### Stored data
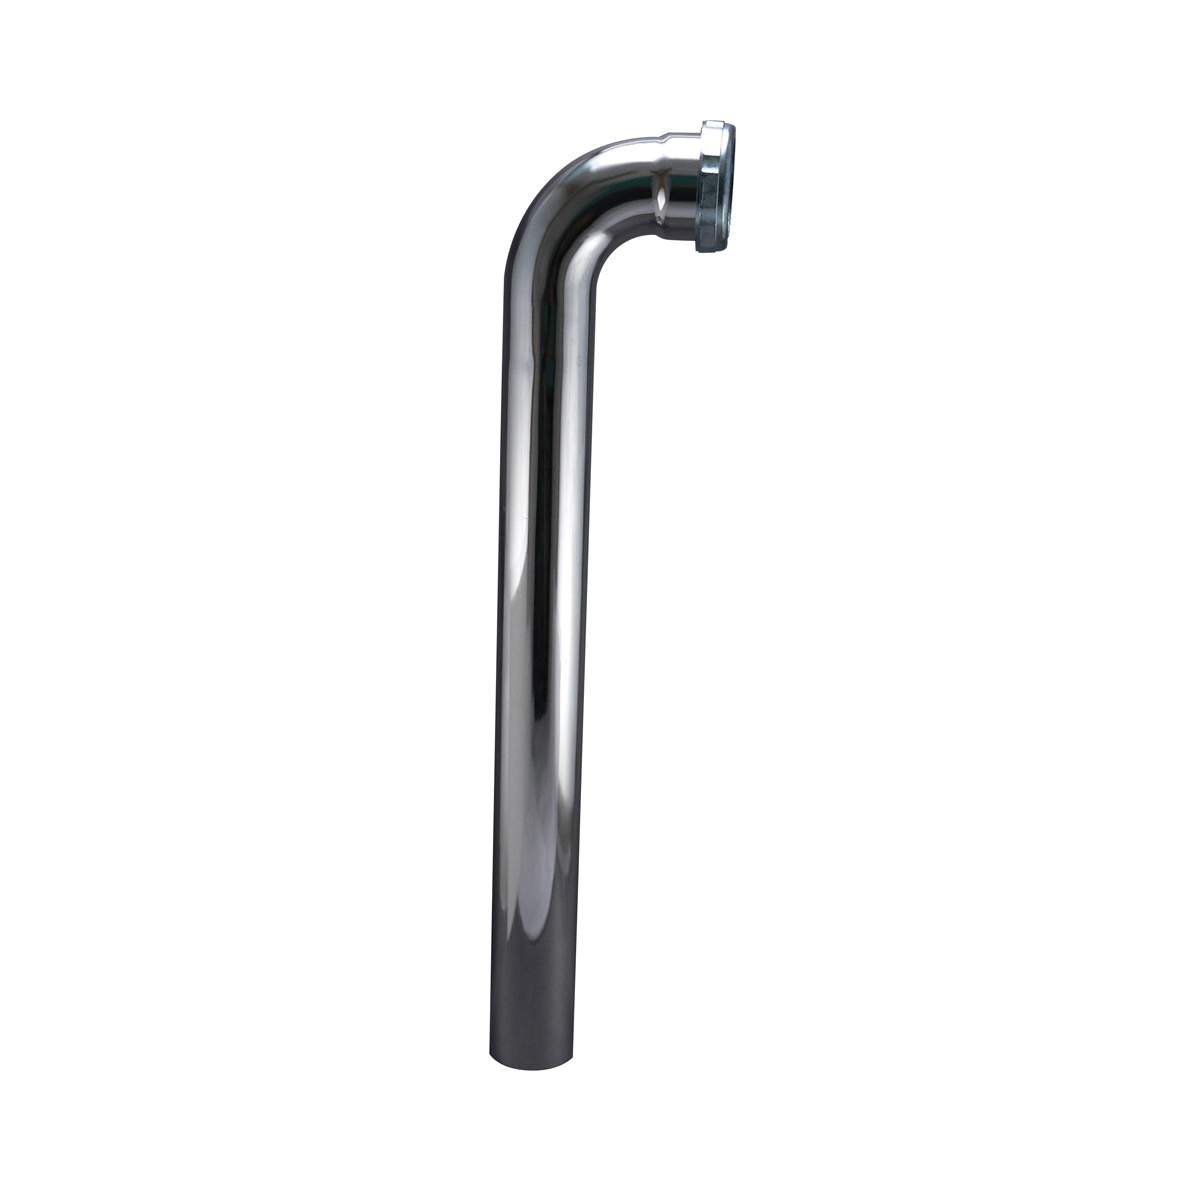 PlumbPak® 548SN Waste Arm, 1-1/2 in Nominal, 17 ga, Brass, Polished Chrome, Import
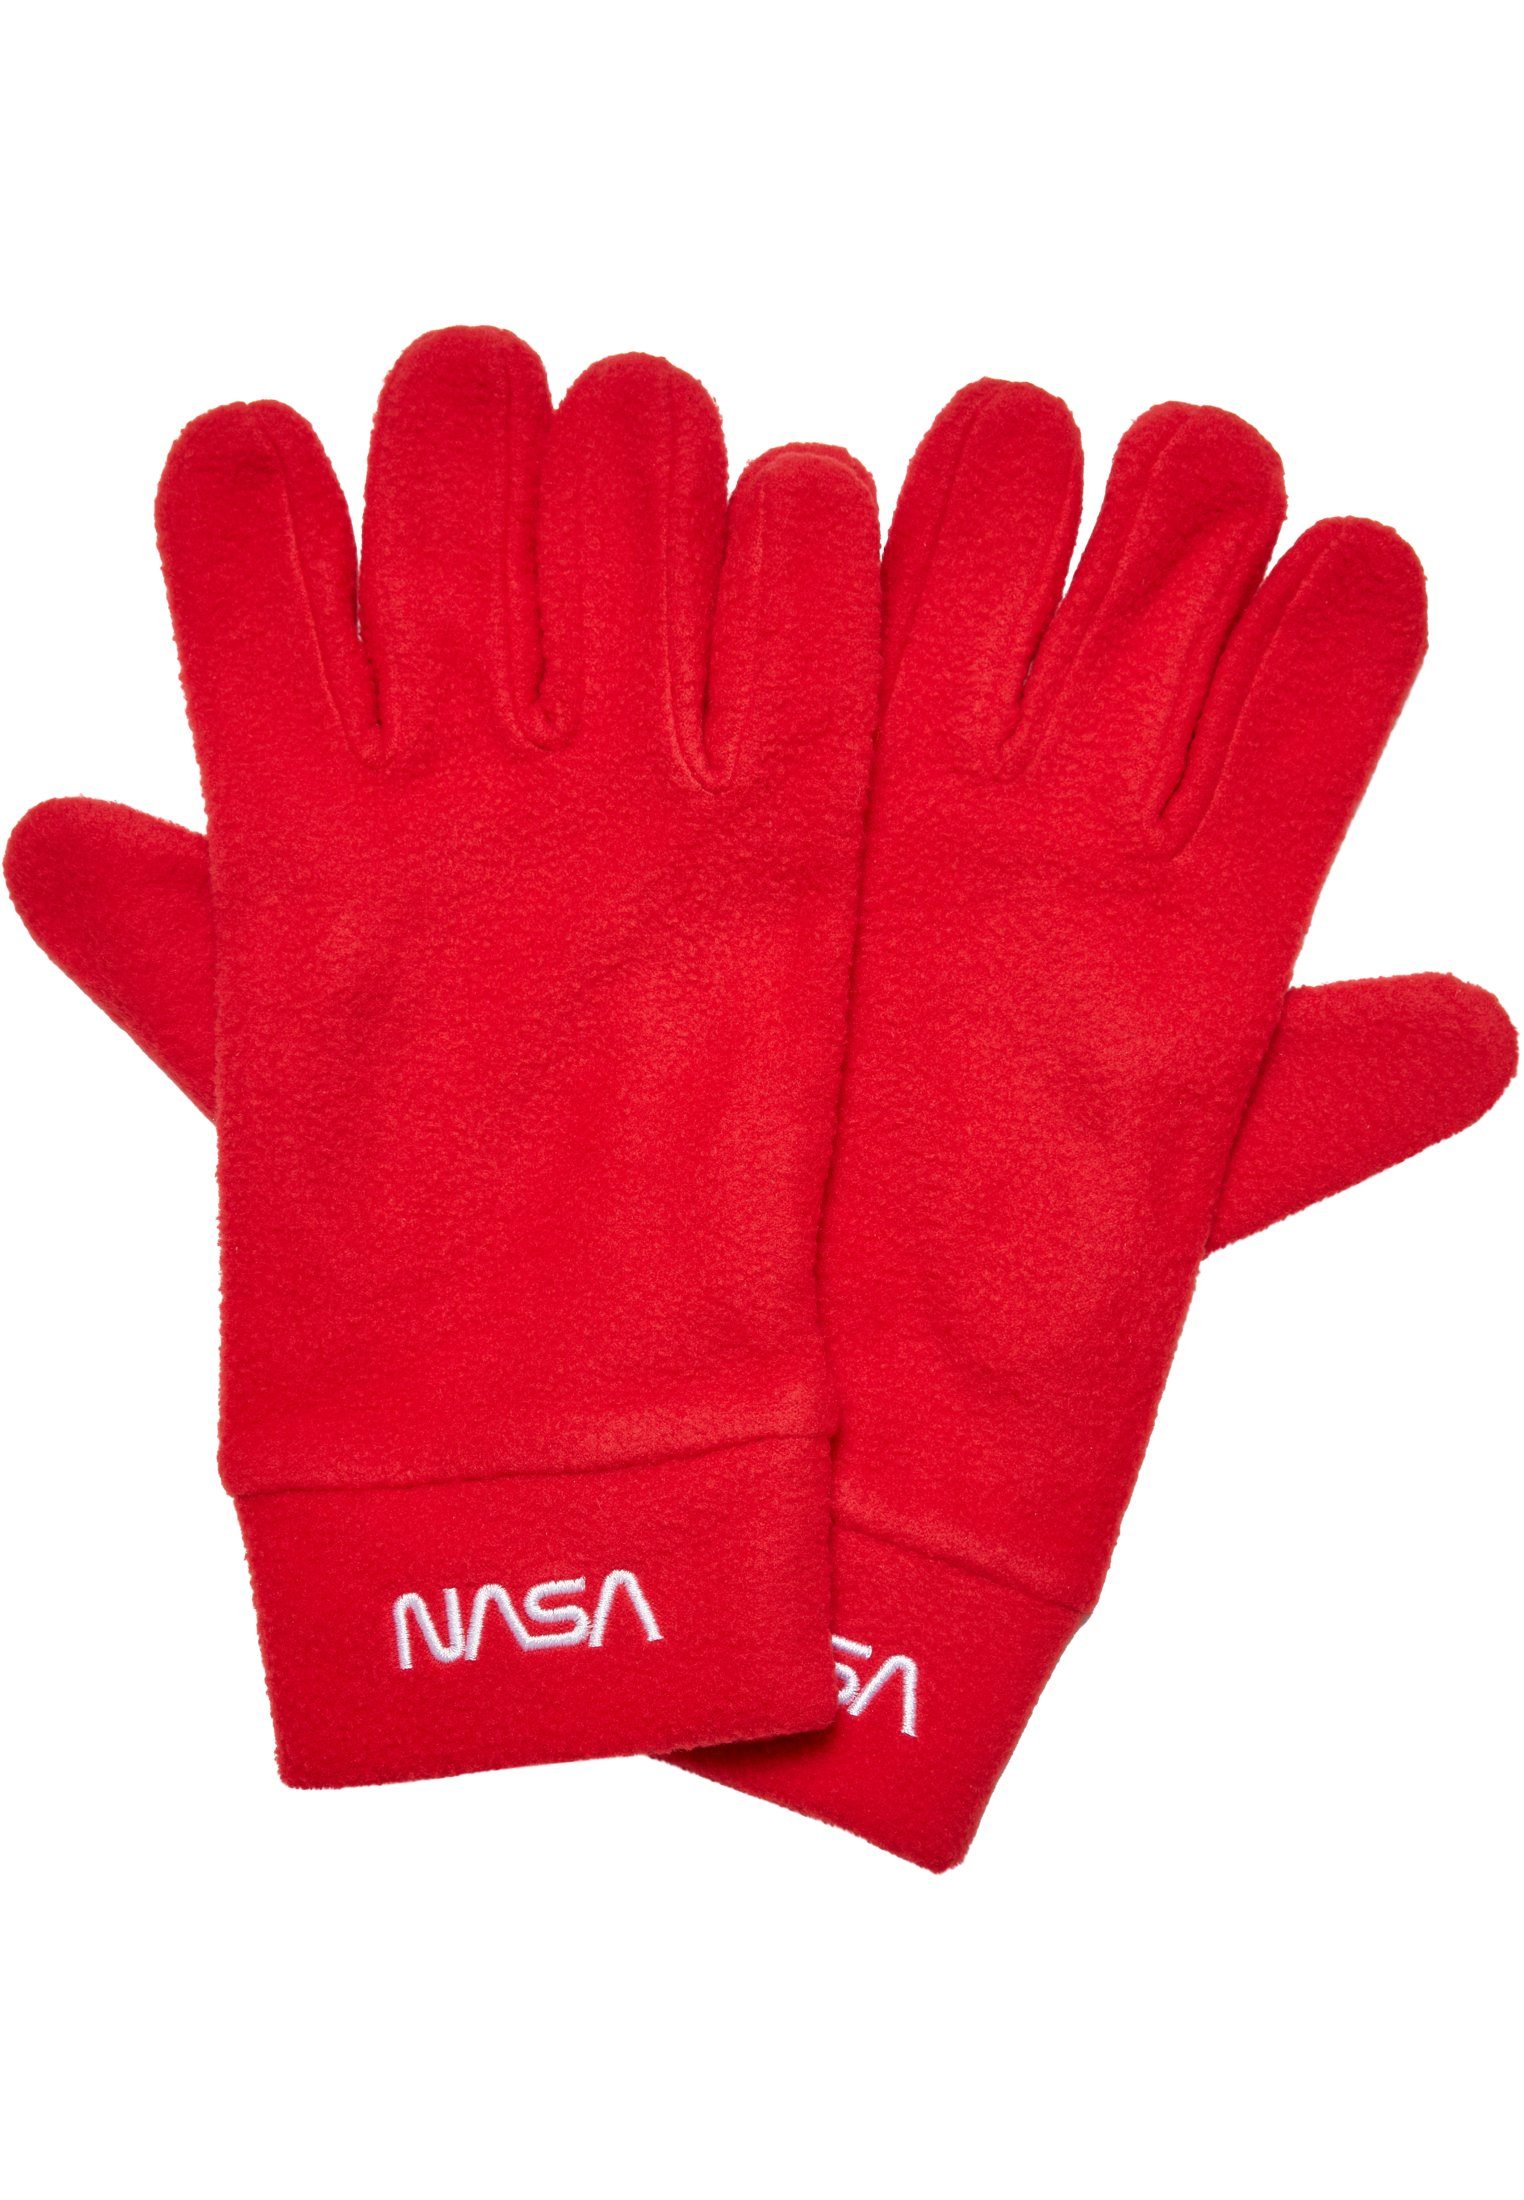 MisterTee Baumwollhandschuhe Accessoires Fleece NASA red Set
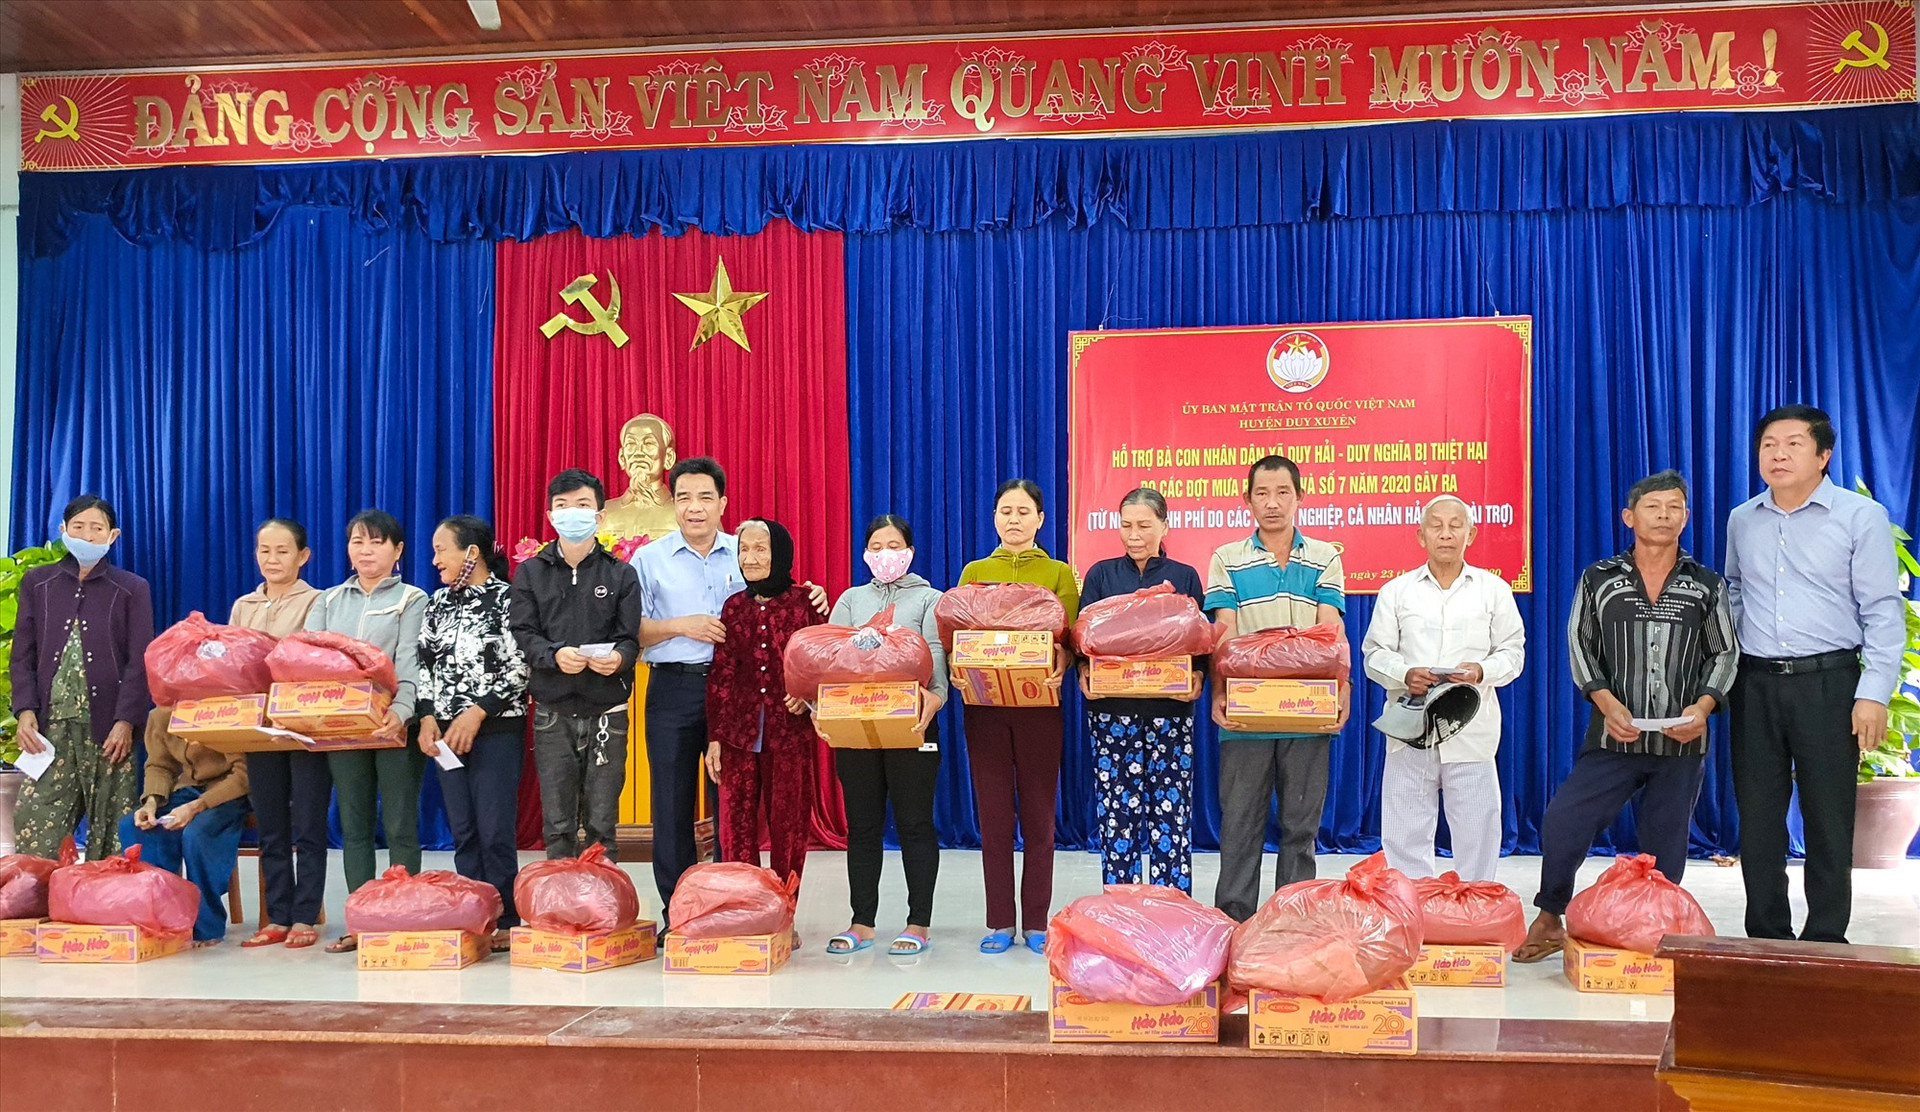 150 hộ dân hai xã Duy Hải, Duy Nghĩa được nhận quà hỗ trợ khắc phục hậu quả mưa lũ gồm 1 triệu đồng tiền mặt cùng hiện vật. Ảnh: T.C
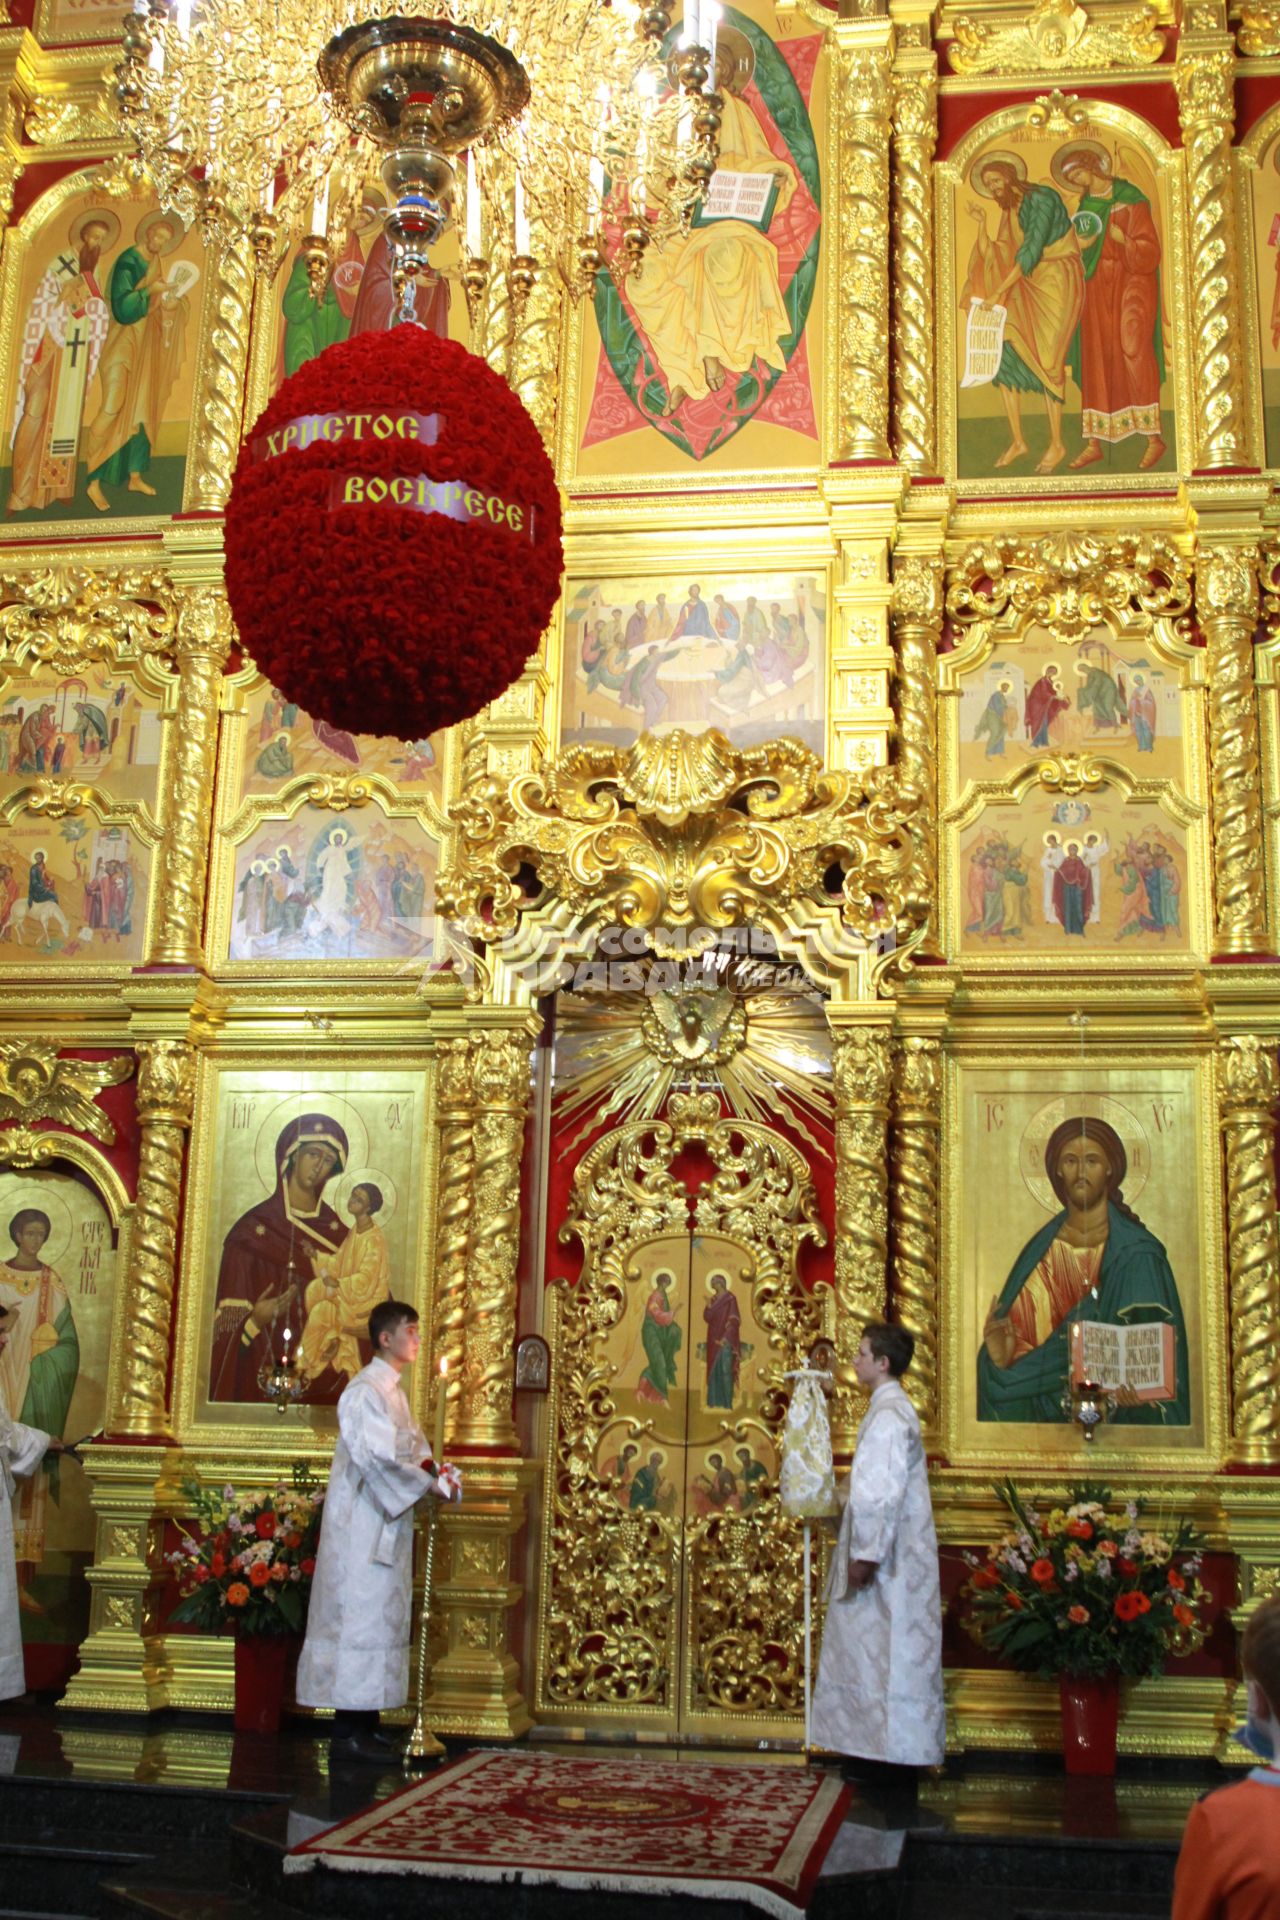 Иркутск.  Священнослужители во время пасхальной службы в храме.

### Problem description
Pictures are to be left out, and each line from the one that contains "150 hộ dân hai" through the end of the listing is to be copied exactly.

### Written solution
 150 hộ dân hai xã Duy Hải, Duy Nghĩa được nhận quà hỗ trợ khắc phục hậu quả mưa lũ gồm 1 triệu đồng tiền mặt cùng hiện vật. Ảnh: T.C
 Иркутск.  Священнослужители во время пасхальной службы в храме.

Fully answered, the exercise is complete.